As the saying goes: don’t trust a greenlight until you’re a week into shooting.
Filmmaking Is Not Glamorous—it’s Survival
Behind-the-scenes reels show actors laughing between takes, directors nodding confidently, and glamorous studio lots.
The day-to-day reality:
- Endless fights about budgets, schedules, and rewrites.
- Producers and executives pushing competing agendas on the same project.
- Department tensions, last-minute pivots, and the daily threat of collapse.
- Stanley Kubrick once called set life “the worst milieu for creative work ever devised by man.”

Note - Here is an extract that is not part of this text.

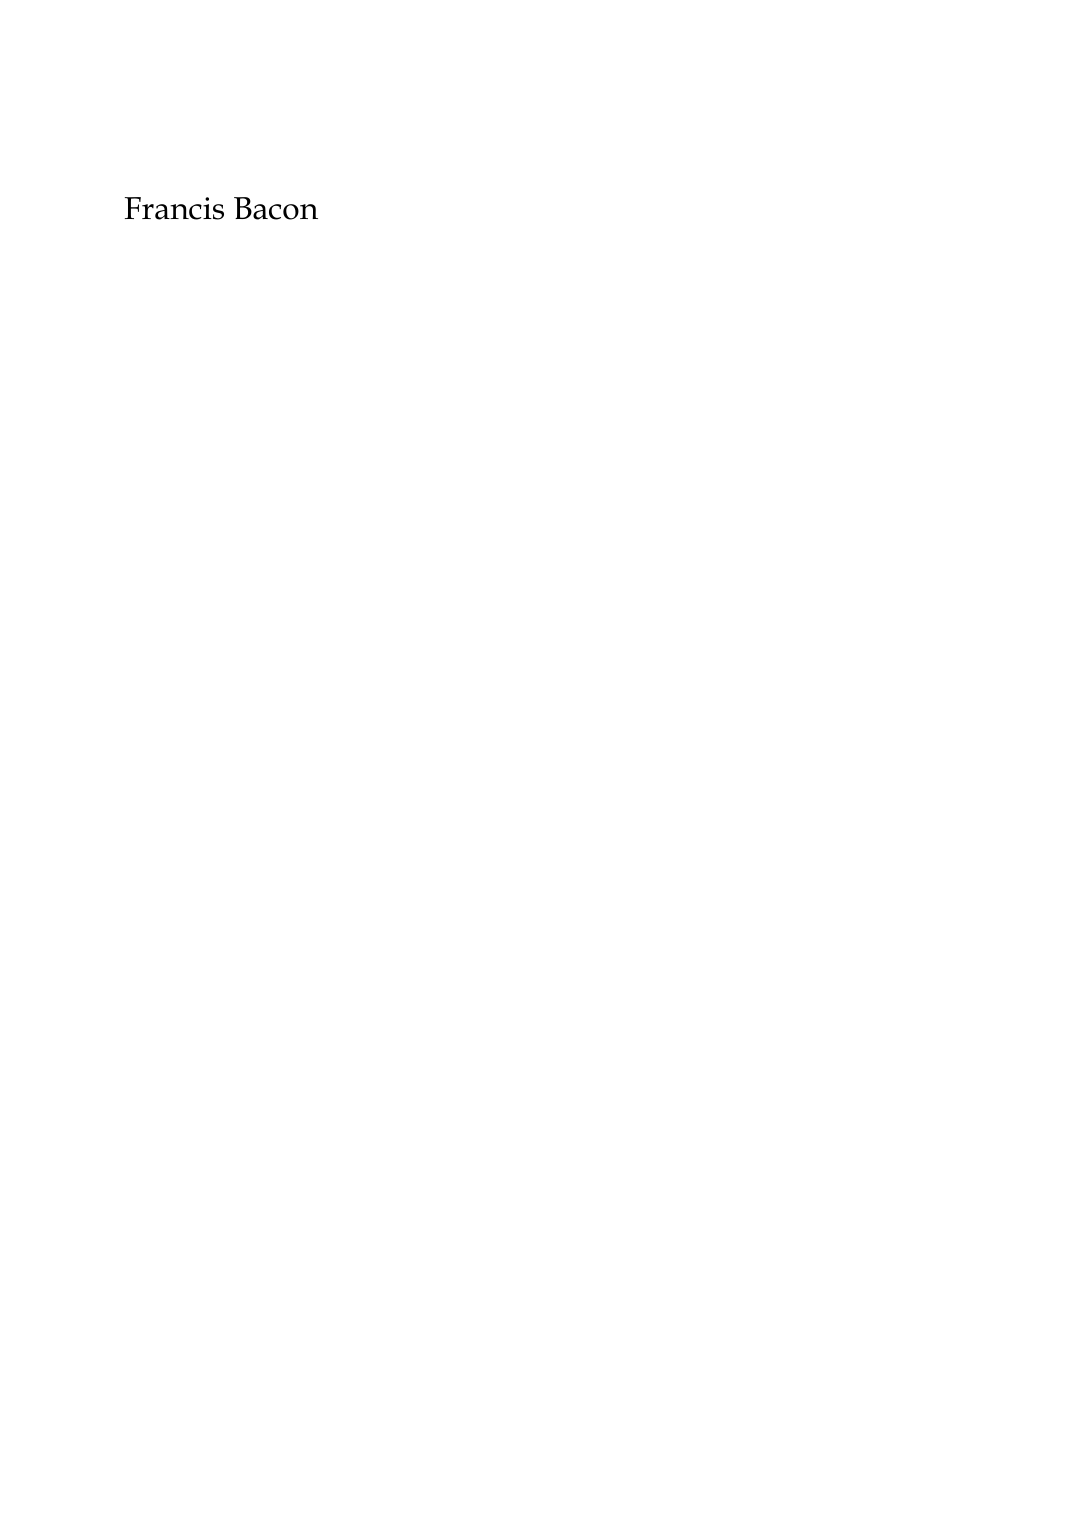 Prévisualisation du document Francis Bacon par Denis MilhauConservateur du Musée des Augustins à Toulouse Une vision qui traque les modèles avec la plus torturante indiscrétion et quiassaille les spectateurs dans leur sensibilité, fait de Bacon un peintre d'uneindéniable originalité.

Francis Ford Coppola put it more bluntly while reflecting on Apocalypse Now:
“We had access to too much money, too much equipment, and little by little, we went insane.”
The Oscars Are Political Campaigns
The Academy Awards are framed as merit-based: the “best” films rising to the top. In truth, Oscars function like a political race.
- Studios and producers must fund campaigns—billboards, ads, screenings, and elegant “For Your Consideration” efforts aimed directly at academy voters.
- Some studios spend more on Oscar campaigning than the actual production budget. For instance, the indie film Anora reportedly cost $6 million to make while its Oscar campaign ran around $18 million.
- Without campaigning, many deserving films never get attention, regardless of quality.
At the Oscars, the best film isn’t always the winner—it’s often the best-funded campaign.
Even Famous Directors Fight Battles
Think success secures freedom? Not always.
- Steven Spielberg struggled for a decade to get Lincoln made; studios wanted to relegate it to HBO instead of theaters.
- Francis Ford Coppola self-financed Megalopolis because no studio would back him.
- Guillermo del Toro had to scale back The Shape of Water to a $20 million budget, despite being an Oscar-winning director.
- Martin Scorsese had to turn to Netflix to make The Irishman.
Even the most powerful names constantly negotiate between personal vision and what the system will allow.
The Real Takeaway
Filmmaking is a battlefield of passion, politics, business, and compromise. For every dazzling story of discovery, there are dozens of hidden tales of projects that were shelved, rewritten, underfunded, or lost in the system.
The illusion of glamour is part of the sales pitch to audiences. The reality behind the curtain is messy, exhausting, and often heartbreaking—but for those who love it, there’s nothing more meaningful.